Перекресток версий. Роман Василия Гроссмана «Жизнь и судьба» в литературно-политическом контексте 1960-х — 2010-х годов (Фельдман, Бит-Юнан) - страница 132

Лишь в 1986 году Ерофеев получил должность старшего научного сотрудника ИМЛИ. Другая эпоха — горбачевская.

В 1987 году ИМЛИ возглавил Кузнецов. Он тогда доктор филологических наук, даже и член-корреспондент АН СССР. Можно спорить о его научных заслугах, однако не в них дело.

Новый директор счеты с «метропольцем» не сводил. Тут опять же ничего личного: «игра» другая, правила изменились. «Перестройка».

Кузнецов всегда играл умело. Иногда был готов рискнуть, но — в рамках правил.

Ерофеев уволился в 1992 году. Известному писателю уже не требовались ни постоянное место работы, ни академический статус. Как выше отмечалось, «метропольский» разгром — этап на пути к победе.

Что до истории романа «Жизнь и судьба», то в ней «метропольский» разгром сыграл важную роль. Он способствовал первому изданию главной книги Гроссмана.

Именно в конце 1970-х годов Войнович очередной раз попытался найти издателя, готового полностью опубликовать роман Гроссмана. Что и удалось.

Да, Войнович не мог предвидеть афганскую войну, обусловившую завершение «разрядки». И был он уже вне СП, диссидентом считался, потому вполне допустимо, что не учитывал такой фактор, как «метропольский» проект. Но все совпало.

Какими бы соображениями ни руководствовался Войнович, удача ему сопутствовала. За границей политическая ситуация иной стала.

Во-первых, «разрядка» закончилась. Более жесткой стала конфронтация. В том числе и пресловутое «идеологическое противостояние двух систем».

Ну а во-вторых, «метропольский» разгром демонстрировал: так называемая «литература нравственного сопротивления» стала делом не только ведомых диссидентов, но и советских писателей. Интерес к ней рос, потому актуализовалась идея полного издания романа «Жизнь и судьба».

Да, его с 1975 года трижды анонсировали, печатались главы, вот только до книжного издания дело не доходило. Как отмечалось выше, издатели были осторожны: хронологические совпадения публикаций в эмигрантских журналах выглядели слишком уж странно.
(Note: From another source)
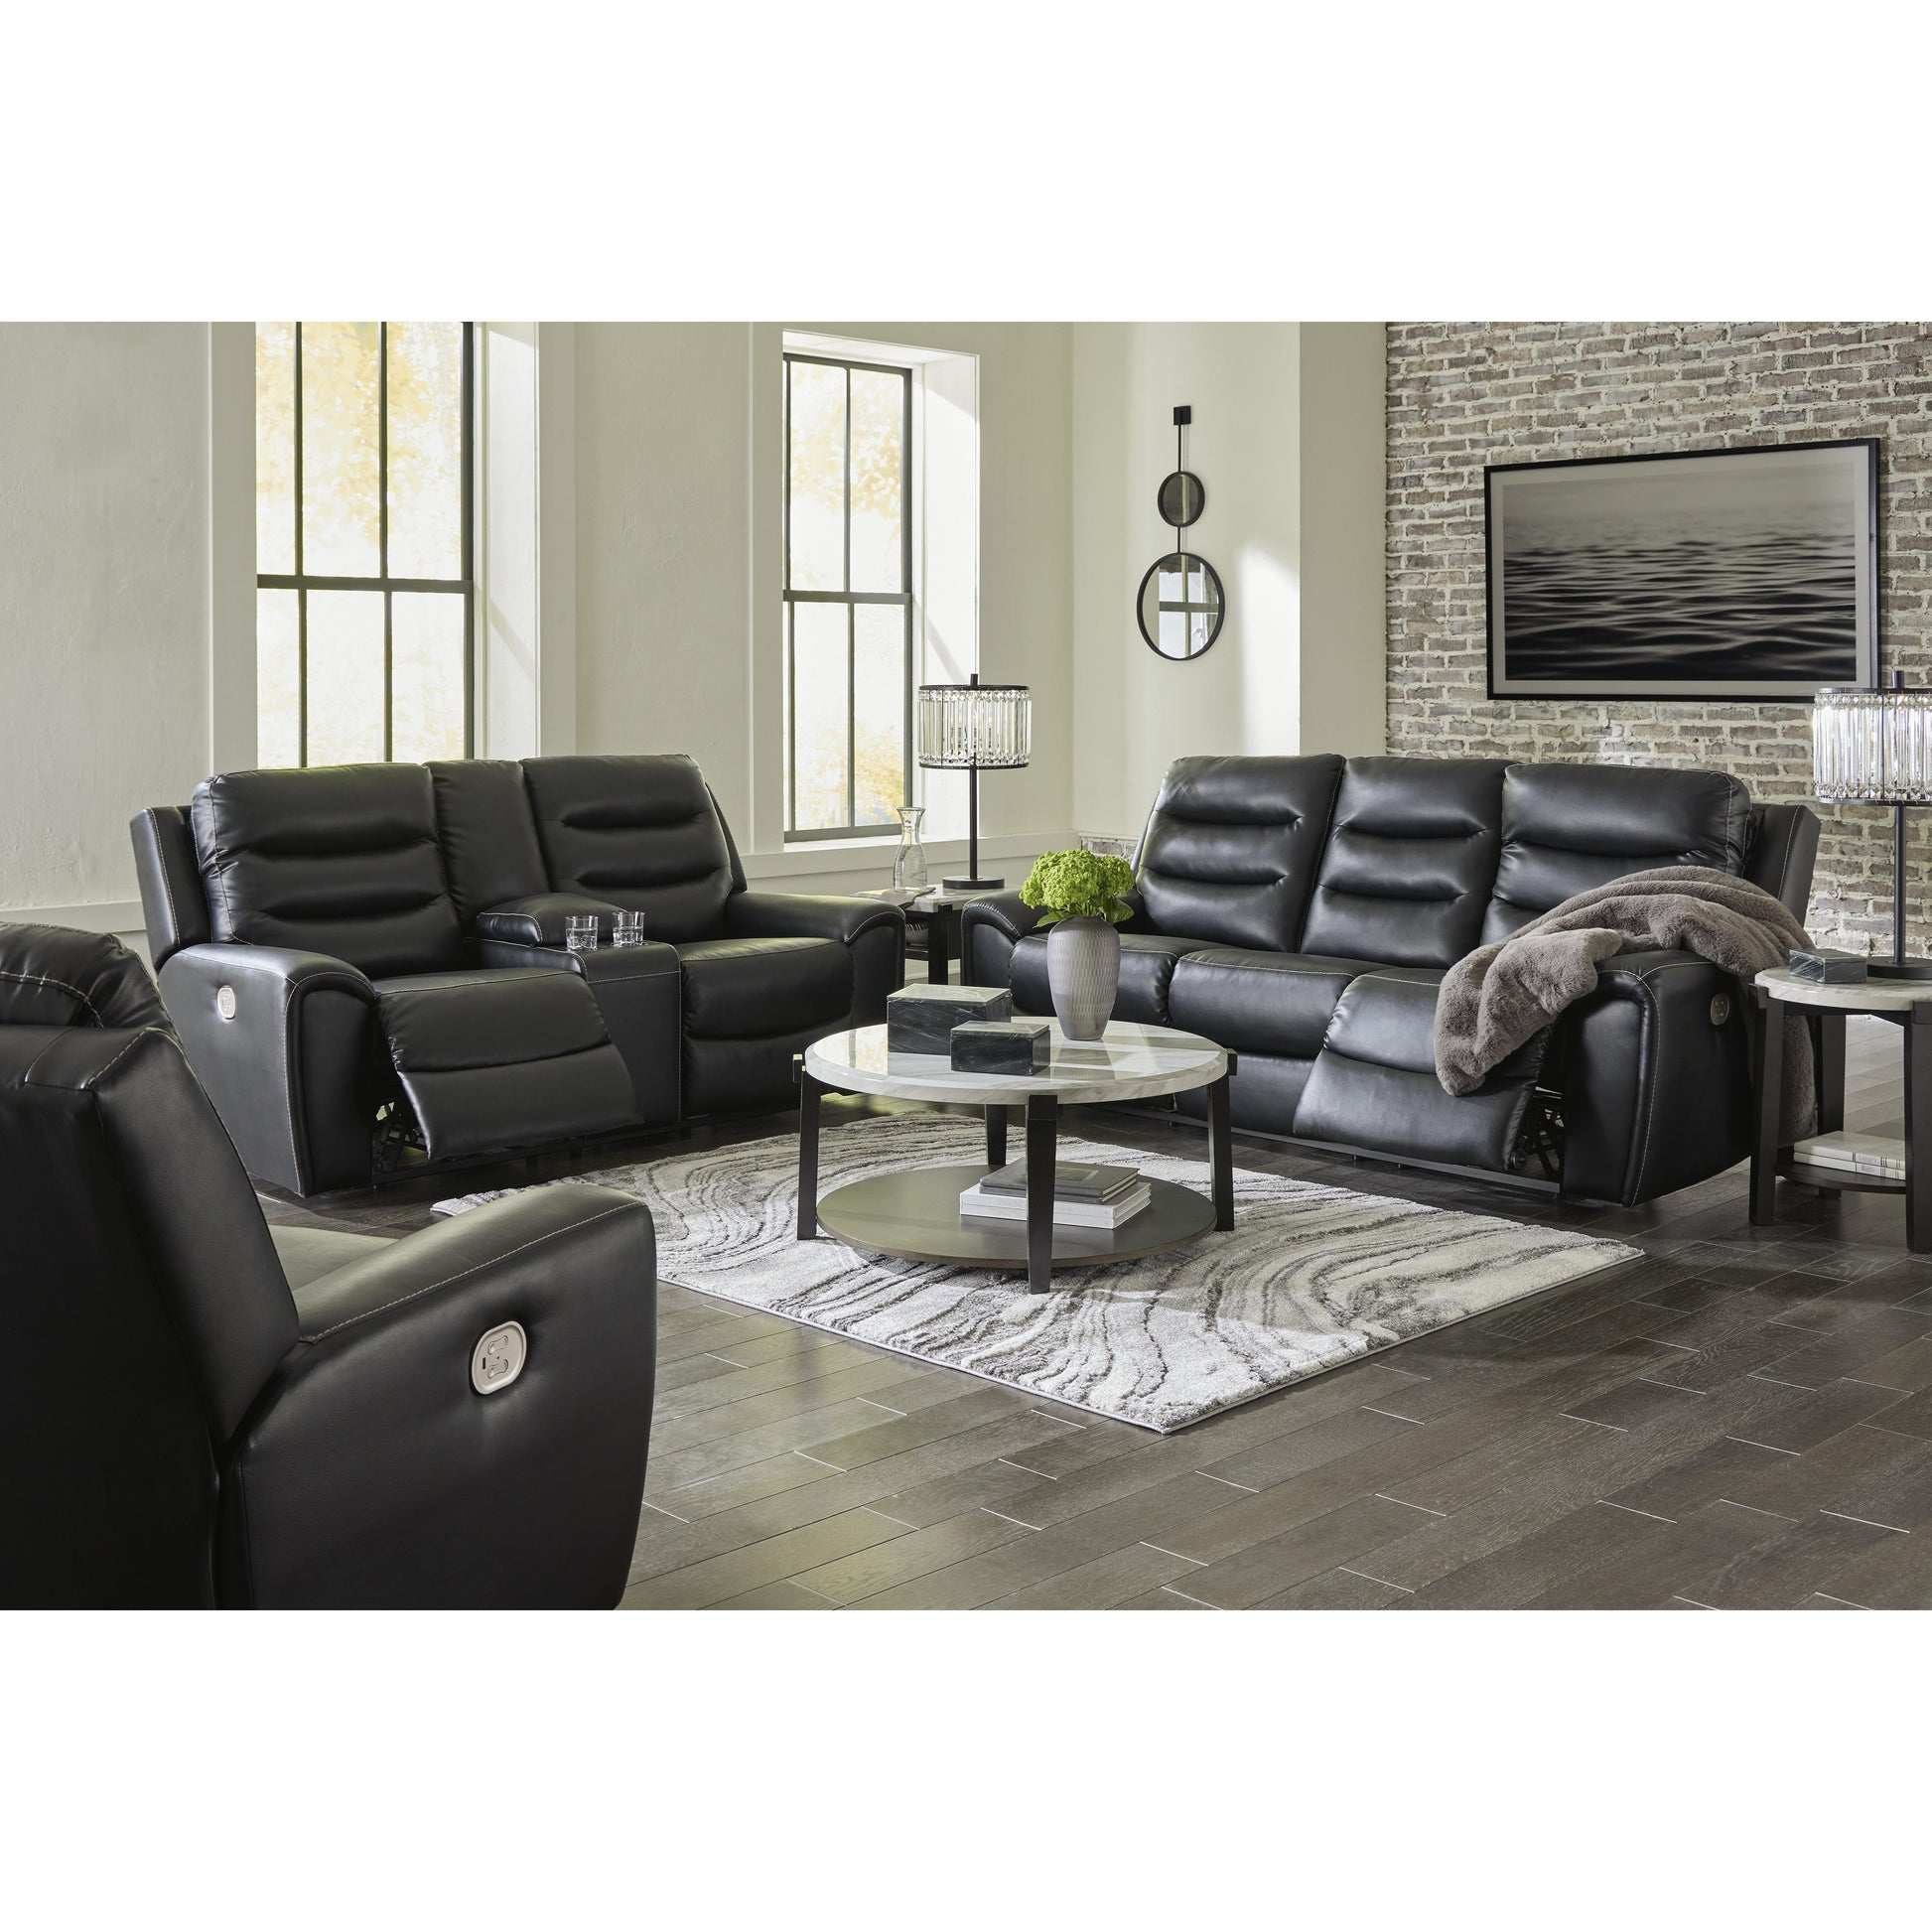 Signature Design by Ashley Warlin Power Reclining Leather Look Loveseat 6110518 IMAGE 15

Если точнее, подозрительно. Тут подразумевалась очередная интрига против автора строжайше запрещенной в СССР книги — «Архипелаг ГУЛаг». Однако с тех пор ситуация изменилась кардинально. Солженицын и так признан классиком мировой литературы, ну а гроссмановский роман — кто бы раньше ни посылал рукописи за границу — еще один сильный аргумент в пресловутом «идеологическом противостоянии двух систем».

Войнович опять рискнул, вновь отыскав способ отправить фотокопии рукописи за границу. И выиграл. Это было началом уже нового этапа в истории романа «Жизнь и судьба».